Palestinian Christians attend Mass in the Cremisan Valley February 8, 2013 to protest the route of Israel's barrier. / Labour2Palestine via Flickr (CC BY 2.0).

The U.S. bishops have criticized an Israeli plan to re-route a separation wall through the Cremisan Valley in the West Bank, claiming such a move would harm both Christian families and religious orders.

Protesting "in the strongest terms" and in "solidarity with our brother bishops in the Holy Land," Bishop Richard E. Pates of Des Moines, Iowa, voiced his opposition to an Israeli tribunal's decision to move the wall and confiscate the surrounding area.

Bishop Pates, who chairs the Committee on International Justice and Peace for the U.S. Conference of Catholic Bishops, addressed U.S. Secretary of State John Kerry in a May 6 letter.

He warned that the "Cremisan Valley is a microcosm of a protracted pattern that has serious implications for the ongoing Israeli-Palestinian conflict."

The Cremisan Valley is located in the West Bank, near Bethlehem. A recent decision by the Israeli Special Appeals Committee has approved a proposal to move the Israeli-Palestinian separation wall through the valley.

Bishop Pates wrote that re-routing the wall would harm the Christian community in the valley, separating a Salesian monastery from its sister convent. Both will be parted from their lands, which will be confiscated for the barrier.

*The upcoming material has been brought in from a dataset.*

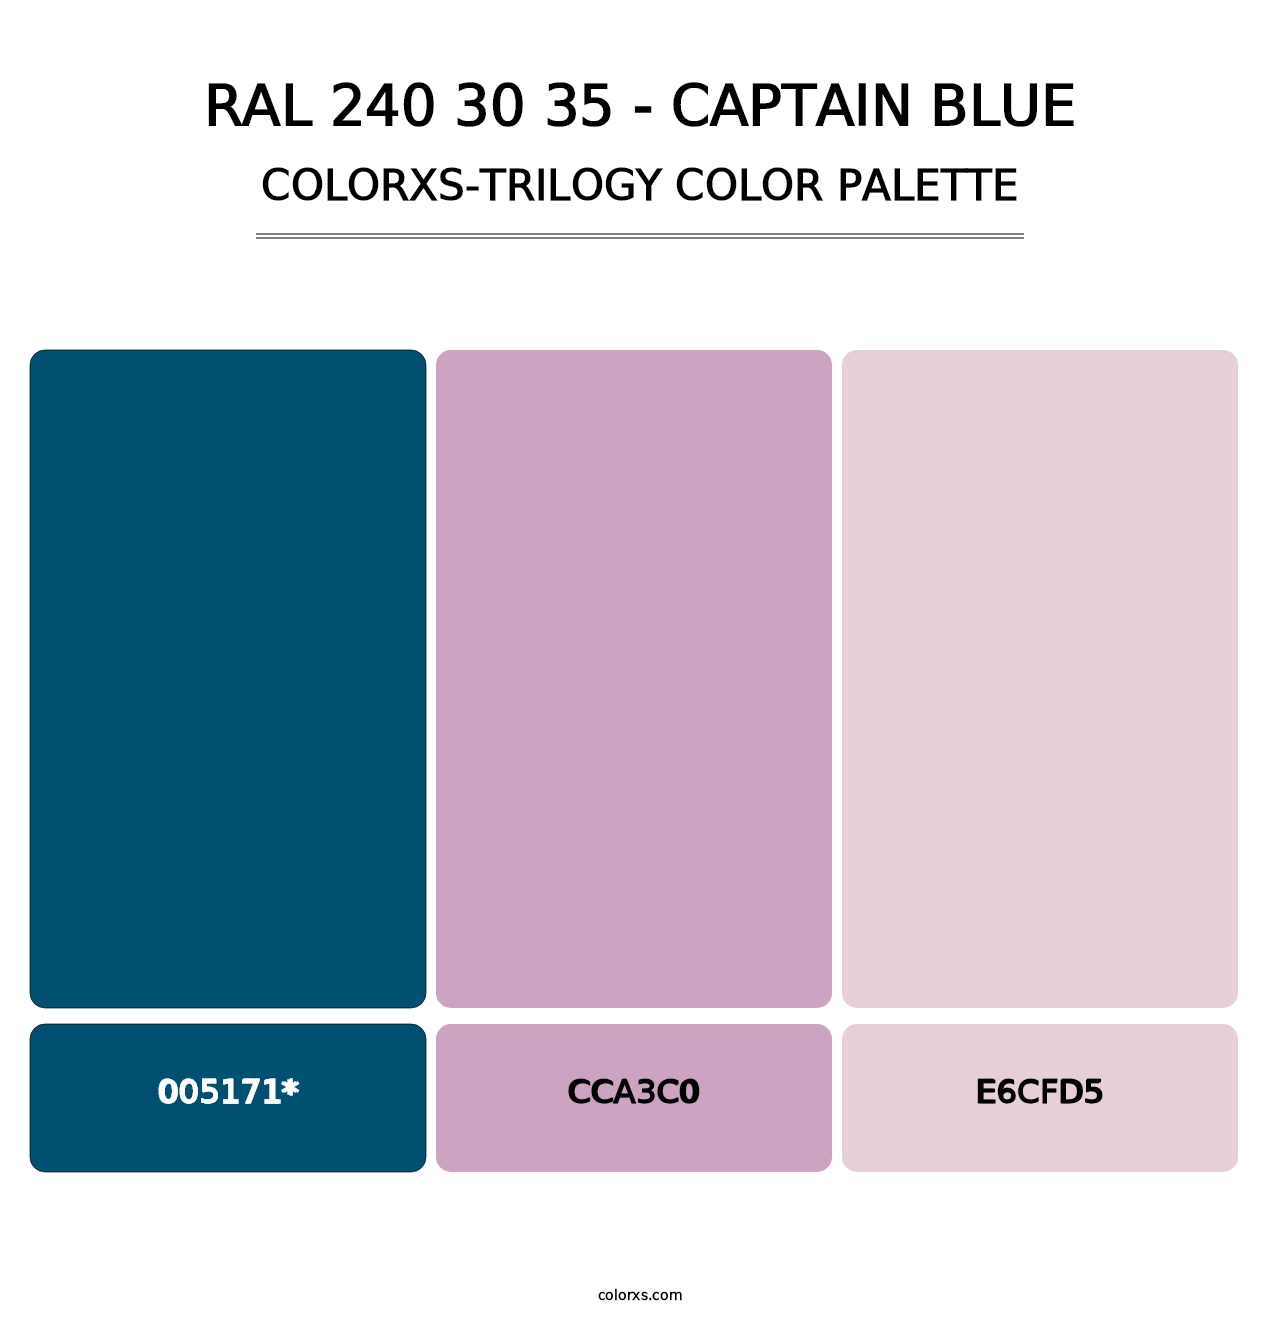 RAL 240 30 35 - Captain Blue - Colorxs Trilogy Palette

"At the same time the route will harm 58 Christian families whose livelihoods depend on these lands," the bishop added.

He explained that continuing with the re-routing "will cut families off from agricultural and recreational lands, other family members, water sources and schools – including depriving Christian Palestinian youth of fellowship with their peers."

Reiterating the U.S. bishops' support for "a two-state solution to the Israeli-Palestinian conflict," Bishop Pates called for a reversal of the Cremisan Valley decision, as well as other policies "that undermine a just resolution of the conflict."

Re-routing the wall, he cautioned, would "put Israeli citizens at risk and weaken initiatives for reconciliation and peace."

The bishop explained that moving the wall "and disassociating Palestinian families from their lands and livelihoods will incite more resentment against the State of Israel among residents of the West Bank, not less, increasing the frustrations that can lead to violence."

"As the wall moves and constricts more communities in the West Bank, the possibility of a future two-state resolution becomes less likely," he warned.

Bishop Pates' comments echoed those of the Latin Patriarch of Jerusalem, who has responded to the Israeli decision by saying that "the expropriation of lands does not serve the cause of peace and does not strengthen the position of the moderates."